Carsten Steenbergen: Florance Bell und die Melodie der Maschinen

Seit einigen Jahren schon regiert Kaiser Napoleon nicht nur über das französische Reich, sondern ist auch Regent und Herrscher über das ehemalige Britische Reich, das sich seinen Truppen bedingungslos ergeben musste. George IV genießt die Gastfreundschaft einer nett eingerichteten Zelle in Paris, der Conseil du Roi und seine Totenkopf-Kompanie schauen danach, dass die Rebellen in England keinen Fuß auf den Boden bekommen. Dass es Engländern verboten ist, an der Akademie Technologie d´avenir in London zu studieren verhindert so mache Fortentwicklung modernster, dampfbetriebener Errungenschaften.

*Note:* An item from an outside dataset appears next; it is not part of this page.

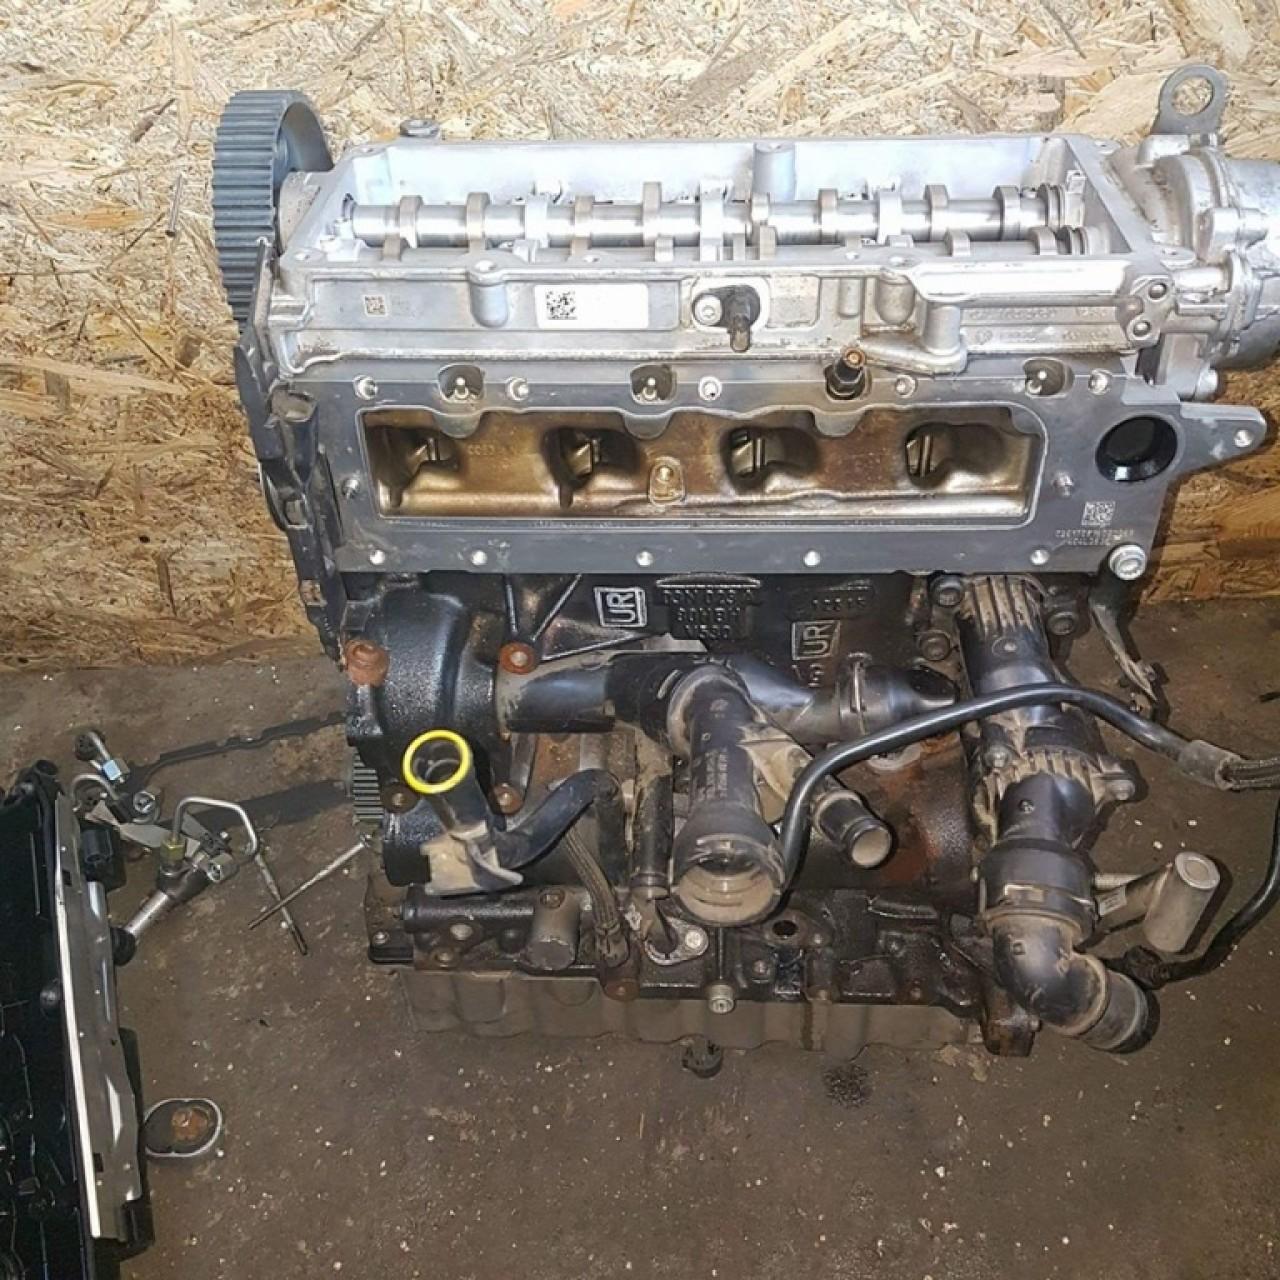 Motor audi a3 8v 2.0 tdi cuna 184 cai euro 6 3000 km

Florance Bell wuchs, von ihren Eltern verlassen, in einem Londoner Waisenhaus auf. Dass sie eine begnadete Hand für jedwede Maschinen hat, fiel nicht nur den Schwestern im Waisenhaus auf, sondern auch dem französischen Forscher und Erfinder Meistermechaniker Monsieur Pignon, der das Mädchen kurzerhand adoptiert und unter seine Fittiche nimmt.

Mittlerweile ist sie auf Birch Manor eine unerlässliche Hilfskraft des Mechanikers und soll während eines Symposiums einigen der Honoratioren vorgestellt werden. Dass die Rebellen die Gunst der Stunde nutzen, das Anwesen überfallen, Gäste und Gastgeber ausrauben und zudem noch eine aufsehenerregende Erfindung stehlen, war nicht vorgesehen. Noch viel weniger vorgesehen war, dass die naseweise Forance sich inmitten der entwendeten Maschine befindet, als diese mit einem altersschwachen Luftschiff entwendet wird. So findet sich unsere junge Mechanikerin unverhofft inmitten eines bewaffneten Aufstand, eines verräterischen Komplotts und Explosionen wieder – fast schon zu viel Aufregung zumal die französischen  Ordnungskräfte sie nun als Rebellin jagen …

Carsten Steenbergen ist uns als Autor wahrlich nicht unbekannt. Neben Krimis, Thriller und Fantasy-Romanen hat er mit „Steamtown – Die Fabrik“ zusammen mit den Orgels bereits einen Roman vorgelegt, der dem Steampunk zugeordnet werden kann.

Um dies vorwegzunehmen – Florance Bell ist, wenn überhaupt, Steampunk Light. Der Verfasser erzählt uns in erster Linie die Geschichte eines jungen Mädchens in einer alternativen Vergangenheit, in der Napoleon über die Briten triumphiert hat. Es ist die Geschichte einer jungen Frau, die von der Besetzungsmacht ausgebremst, ihr Potential kaum heben kann. Hier lässt der Autor unauffällig aber wirkungsvoll Themen wie Gleichberechtigung, Ausgrenzung oder überkommene Rollenbilder in seine Text einfliessen.

Dabei merkt man diesem an, dass er sich an ein jüngeres Publikum wendet. Die Kapitel sind recht kurz gehalten, es geht hauptsächlich um die dramatischen Geschehnisse, die Figuren bleiben recht oberflächlich. Im Zentrum steht das rasant und abwechslungsreich aufbereitete Abenteuergarn das packend unterhält. Nicht das Schlechteste um ein junges Publikum ans Medium Buch zu ziehen.

Carsten Steenbergen: Florance Bell und die Melodie der Maschinen.
Ueberreuter, August 2021.
384 Seiten, Gebundene Ausgabe, 17,95 Euro.

Diese Rezension wurde verfasst von Carsten Kuhr.